# Am I mad?



## scousemouse (Feb 15, 2007)

My son, jack, was conceived after 12 years ttc, 8 months of clomid and BD at the right time and a further 2 months of clomid + IUI, he was born on 9th July 2008 so is only 6 weeks old.  DH and I decided straight away that we wouldn't be using contraception, hoping for No2.

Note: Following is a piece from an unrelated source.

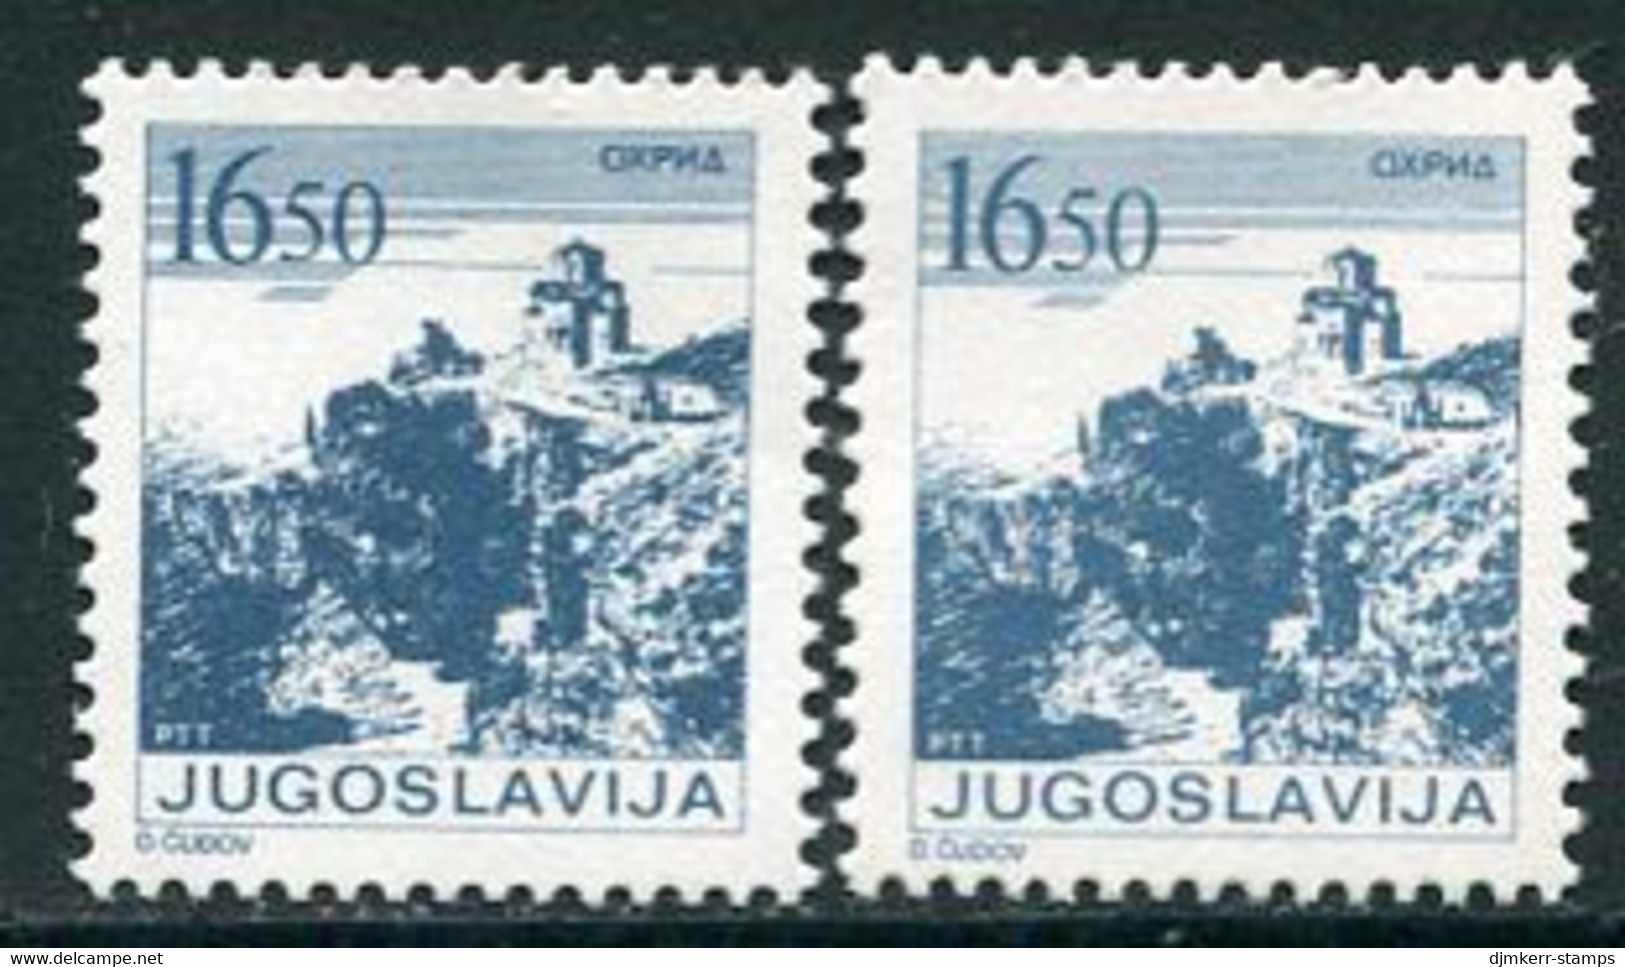 YUGOSLAVIA 1983 Towns Definitive 16.50 D. Both Perforations MNH / **.  Michel 1995A,C - Unused Stamps

Well AF arrived today and part of me is pleased to see her after being told I had high FSH levels (during our 1st IUI) and menopause could be early, plus I suffer from prolactinoma which can stop ovulation and AF's.  Part of me is really dissappointed to see her as everyone kept telling us that its easier to get pregnant just after having a baby so we BD'd as much as we (I) was able.  Part of me is also terrified of being on the ttc rollercoaster again and part of me feels guilty for wanting No 2 when I should be grateful for Jack (which I am of course, he is just adorable and we love him to bits).  Do you think I'm mad?

I am due to have my post natal check on 1st Sept and I should be going back on the meds to control the prolactinoma so hopefully will be ovulating again as soon as the meds kick in, but I have 1 months supply of clomid left from last year, would it be safe to use them?  Do they have a use by date?  Have had a look at the packet and theres no use by date on them.  They were prescribed last August.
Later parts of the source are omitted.